Tensile bond strength for each coating was measured using an ‘Elcomenter’ automatic adhesion tester (510 Model S). The strength was automatically calculated with dividing the maximum tensile force (N) by the contacted area (1,962.5 mm2, radius = 50 mm). The detailed testing procedure adopted in this study was as follows (see Fig. 5).
(1) The two coating components (epoxy type base + solidifier) of a coating were prepared, then mixed for more than five minutes, with electrical shaking equipment.
(2) A 50 mm diameter aluminum dolly was attached to the concrete surface, using the selected coating material.
(3) The testing gauge was attached to the dolly.
(4) Tests and measurements were performed.
(5) Bond strength values were recorded and the failure pattern observed, for each coating.
It should be noted that generally there were four different failure patterns, namely adhesive failure, partial coating failure, coating failure, and concrete failure.

3. Results and Discussions

3.1 Effects of Coating Material on Bond Strength

Table 3 includes all measured bond strengths for dry, smooth surfaces. Bond strength measurement was conducted at three places for each specimen, and then averaged. Fig. 6 illustrates averaged bond strength values. Coatings A and E, which, as mentioned previously, were originally developed for steel, exhibited higher bond strengths than the others. The ratios of the measured bond strength to the bond strength claimed by the manufacturer for underwater conditions ranged from 12.4% to 26.9%. Coatings A and B showed stronger bonds in dry conditions. It should be noted that coating A showed robust performance in its bond compared to others, based on the results of standard deviations. Coating C had the lowest bond strength, but this might be due to different laboratory conditions or human error introduced during the test and/or measurement procedures. In this study, the bond strength measurement was conducted shortly after applying each coating, to prevent concrete failure that might be caused by the low tensile strength of the concrete. These issues and results indicate that further experimental studies are required, to investigate both longer term bond performance, and any effect of underwater coating materials on concrete durability.

3.2 Effect of Environmental Conditions on Bond Strength

Underwater coating was carried out in the laboratory, and measured bond strengths were compared with those measured in dry conditions (see Table 4). Fig. 7 shows averaged bond strength values for smooth surfaces underwater. Measured water temperature ranged from 13.5°C to 18.5°C at the time of coating. Coating A had the highest bond strength, while those of Coatings D and E were both significantly reduced (38.4% and 39.2%, respectively). The reason for such differences was not clear, given the limited range of this research, but might be related to a dissolution issue that could have occurred underwater.
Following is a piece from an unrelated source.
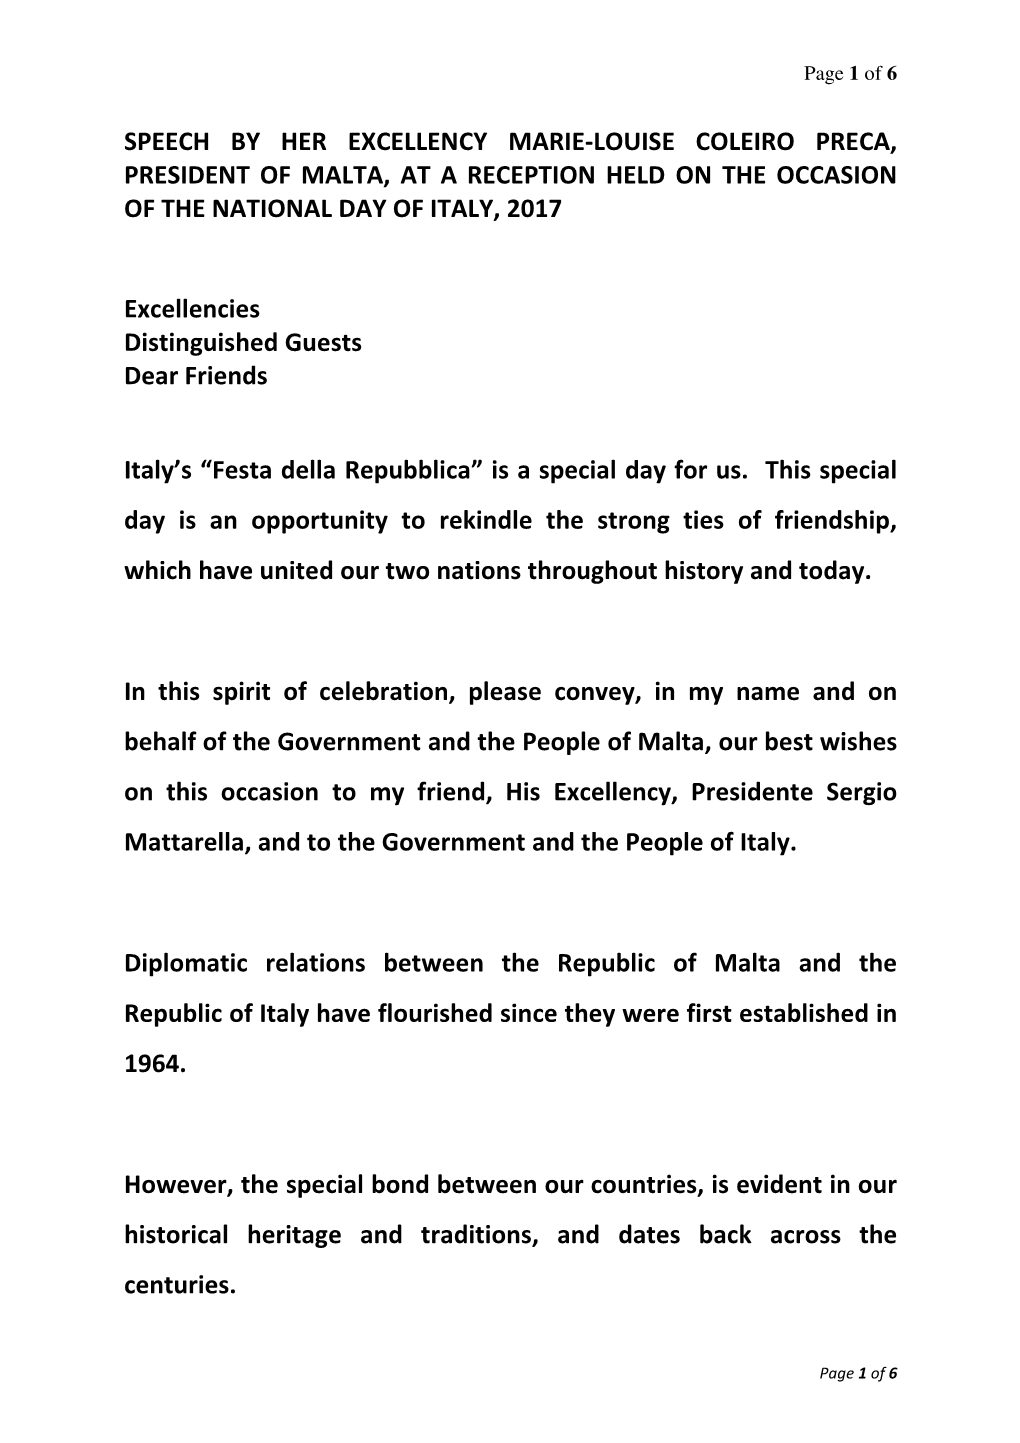 Speech by Her Excellency Marie-Louise Coleiro Preca, President of Malta, at a Reception Held on the Occasion of the National Day of Italy, 2017
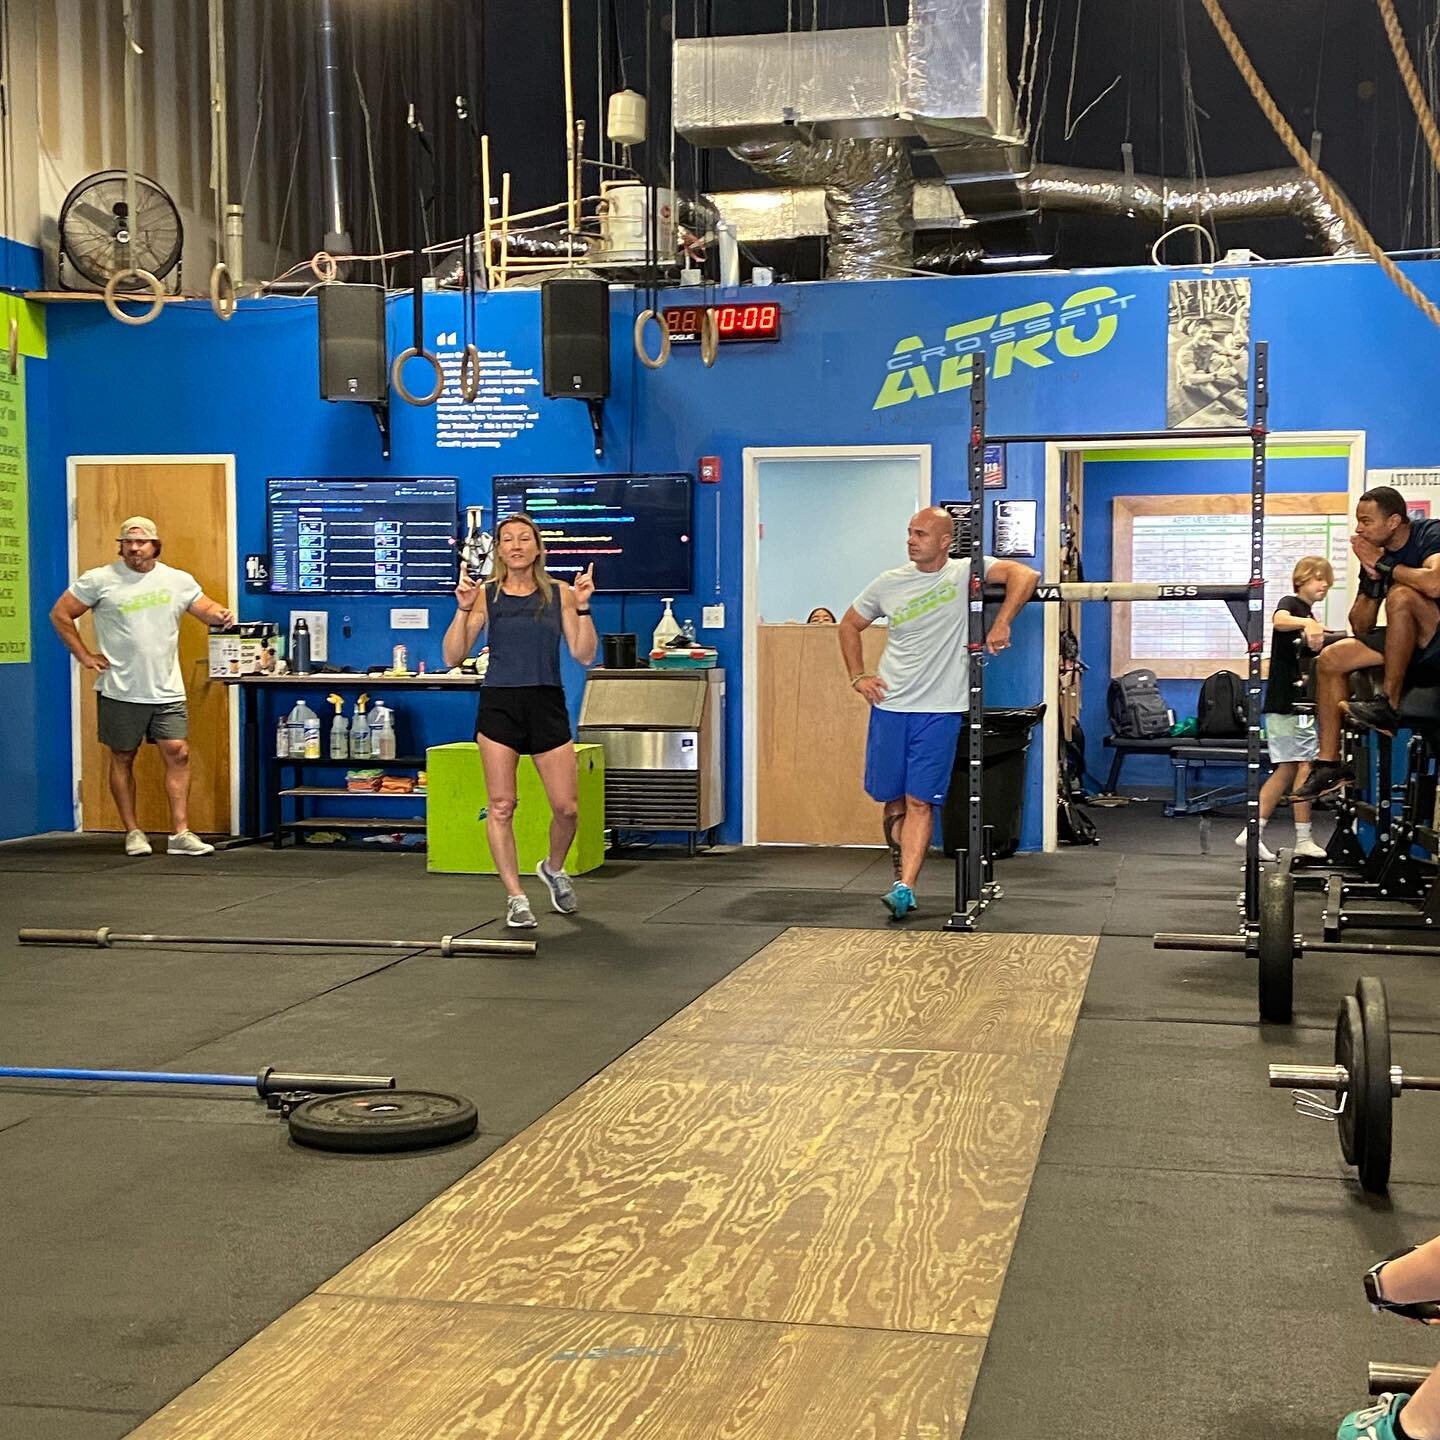 Thank you to the Athletes that participated in the Aero Nutrition Challenge. For those that couldn&rsquo;t attend this morning, the athletes lost a cumulative 77 pounds, learned how to eat properly before and after workouts and have some delicious he

3.3 Effect of Concrete Surface Roughness on Bond Strength

Table 5 includes measured bond strengths and strength ratios for a rough surface, and compares these to a smooth surface. Fig. 8 and Fig. 9 illustrate averaged bond strength values for rough surfaces, for dry and underwater conditions. Bond strength generally increased on rough surfaces, compared to smooth surfaces, except for coatings A and E, with the latter showing a significant bond strength loss (42.8%), as shown in Table 5. The reason for this decrease may be related to the viscosity of the coating, as this was lower for E than for the other coatings. Thus, it can be concluded that too low viscosity might not be a good characteristic in a coating required to cover a rough surface in dry conditions.
Underwater, no effect of surface roughness on bond strength was observed, with only 5.9% difference in average bond strength noted, between the smooth and rough surfaces. Thus, it can be said that the effect of surface roughness on bond strength might not be as significant underwater as it was in dry conditions.

3.4 Failure Patterns of Underwater Coatings

Representative coating failures observed in this study are shown in Fig. 10. Adhesive failures underwater occurred between the coating and the concrete substrate for all coatings, while no consistent pattern was observed in dry conditions.
Generally, concrete failure means a good bond between applied coating and existing concrete, thus, this pattern can be more common in actual condition. In this study, however, adhesive failures underwater were only observed and this might be related to the time of measurement. Therefore, further experimental study is necessary to investigate the long-term performance.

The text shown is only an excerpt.